Forecast-Driven Energy Management for a Smart Building Microgrid
Presenter: Ying Li
Time: Wed 2026-05-06 15.00 - 16.00
Video link: https://kth-se.zoom.us/j/65511430677
Smart building microgrids contain multiple interacting resources that evolve on different time scales and under different sources of uncertainty. In the studied office-building setting, photovoltaic generation, tenant load, heat pump operation, battery energy storage, and electric vehicle charging together create a coordination problem for the building energy management system (EMS) rather than an isolated scheduling task for any single component.

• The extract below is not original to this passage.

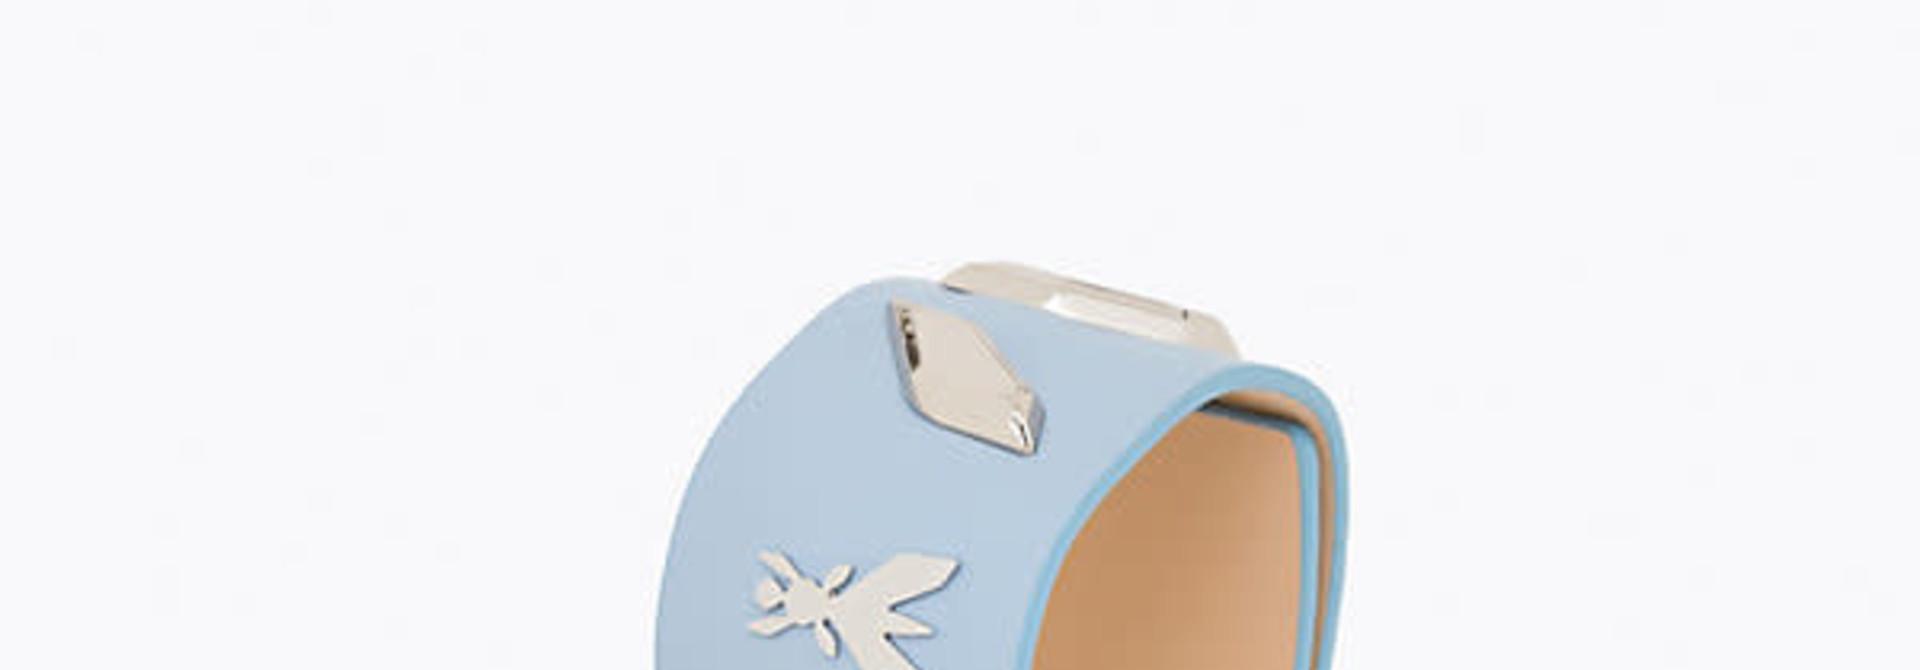 Armband Patrizia Pepe 2V9030 A5H2
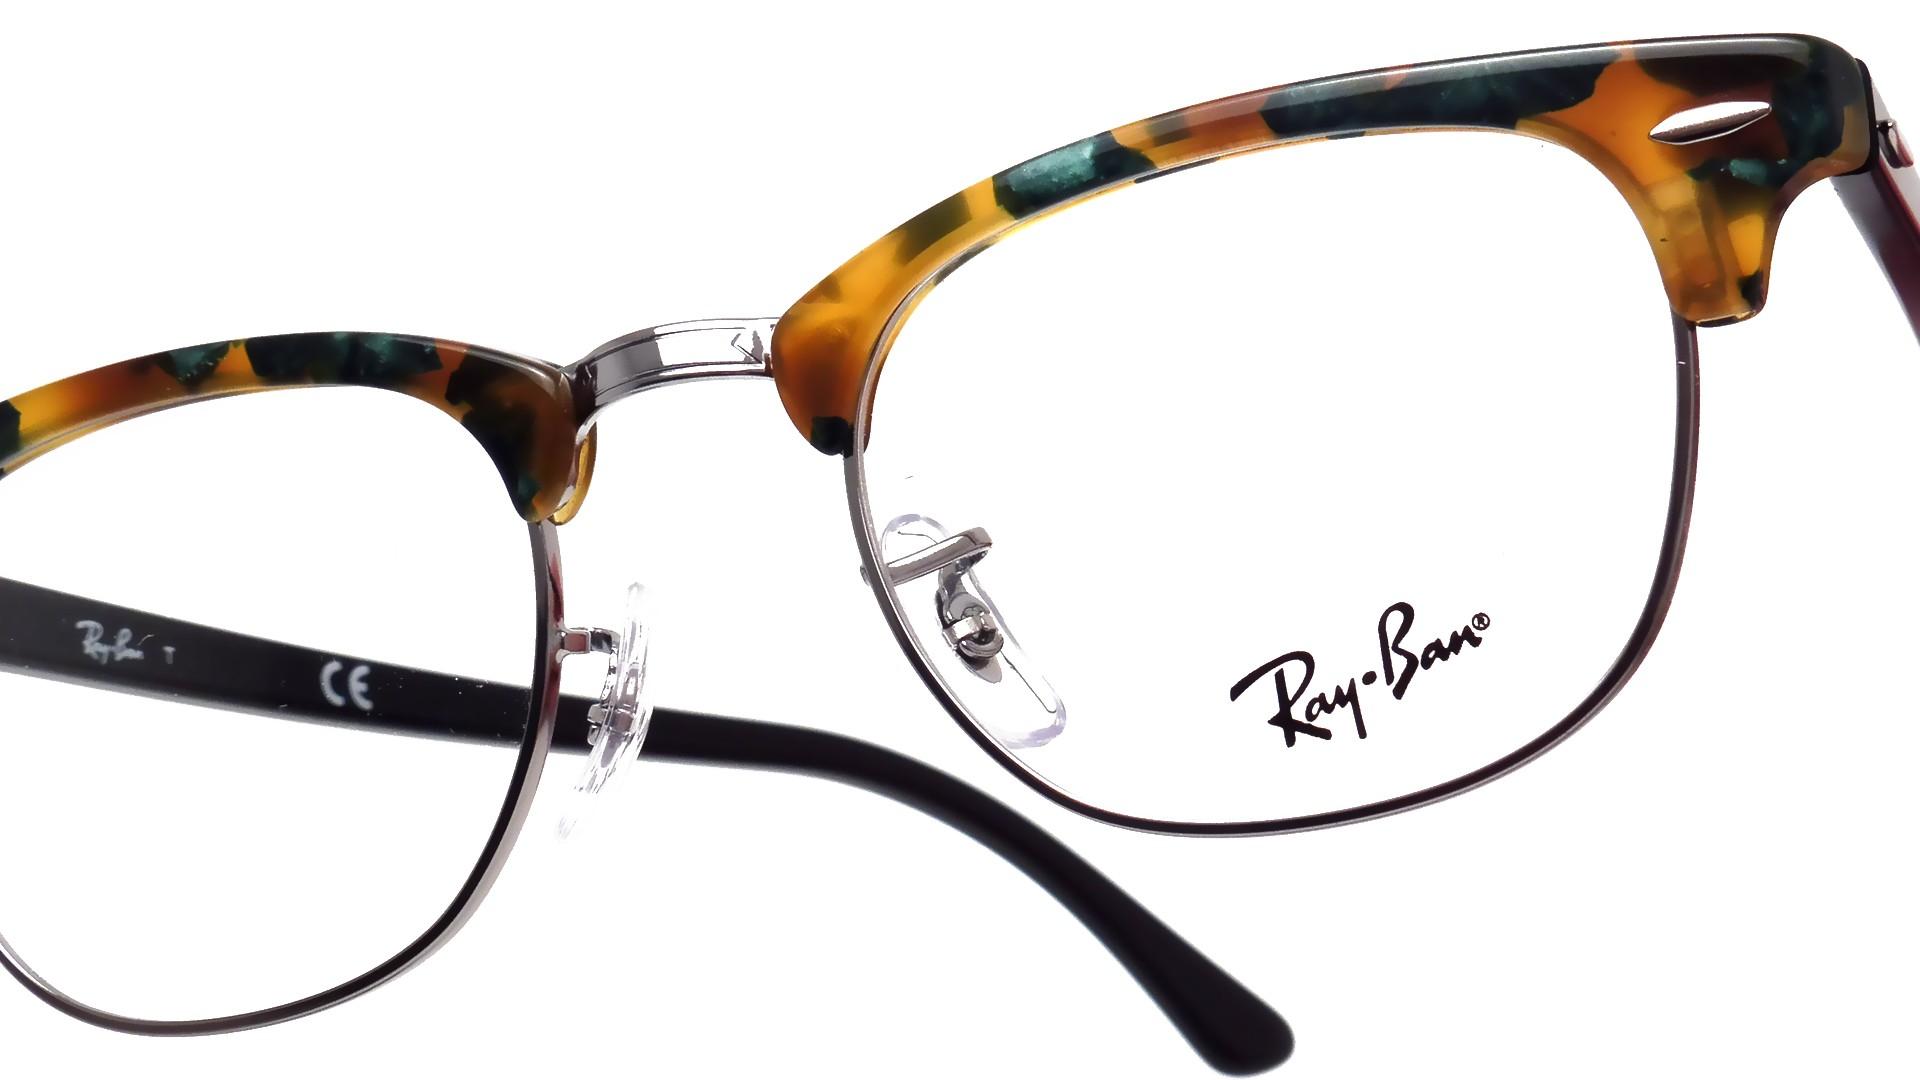 06a1c7f8cc9522 Ray Ban Clubmaster Écaille RX5154 RB5154 5493 49 21

This thesis aims to develop and evaluate a forecast-driven two-layer EMS for Magasin X. The study is based on real operational data from the building and combines external weather and electricity-price information with measured building and charging data. An autoregressive with exogenous input (ARX) thermal model is used to represent short-term building thermal dynamics for heat pump scheduling, while long short-term memory (LSTM) models are developed for forecasting photovoltaic generation, tenant load, and electric-vehicle-related demand. These models are integrated into a day-ahead EMS and a rolling EMS, and the resulting strategies are compared against an uncontrolled baseline and a perfect-foresight benchmark. The results show that the forecasting and thermal submodels, although imperfect, are sufficiently informative for downstream scheduling. In the annual comparison, the day-ahead and rolling strategies reduce grid-import cost by 27.01% and 29.95%, respectively, compared with 32.55% for the perfect-foresight benchmark. The rolling strategy also increases photovoltaic self-consumption to 84.99% and reduces monthly peak import in most months. For electric vehicle charging, 93.89% of sessions achieve at least 80% fulfillment and 82.00% reach at least 90%, indicating that the economic gains are accompanied by a measurable service-quality trade-off. The thesis therefore concludes that building EMS in this context should be understood as a multi-objective coordination problem rather than as a pure cost-minimization problem, and that forecast-driven two-layer control is practically valuable for the studied office-building case.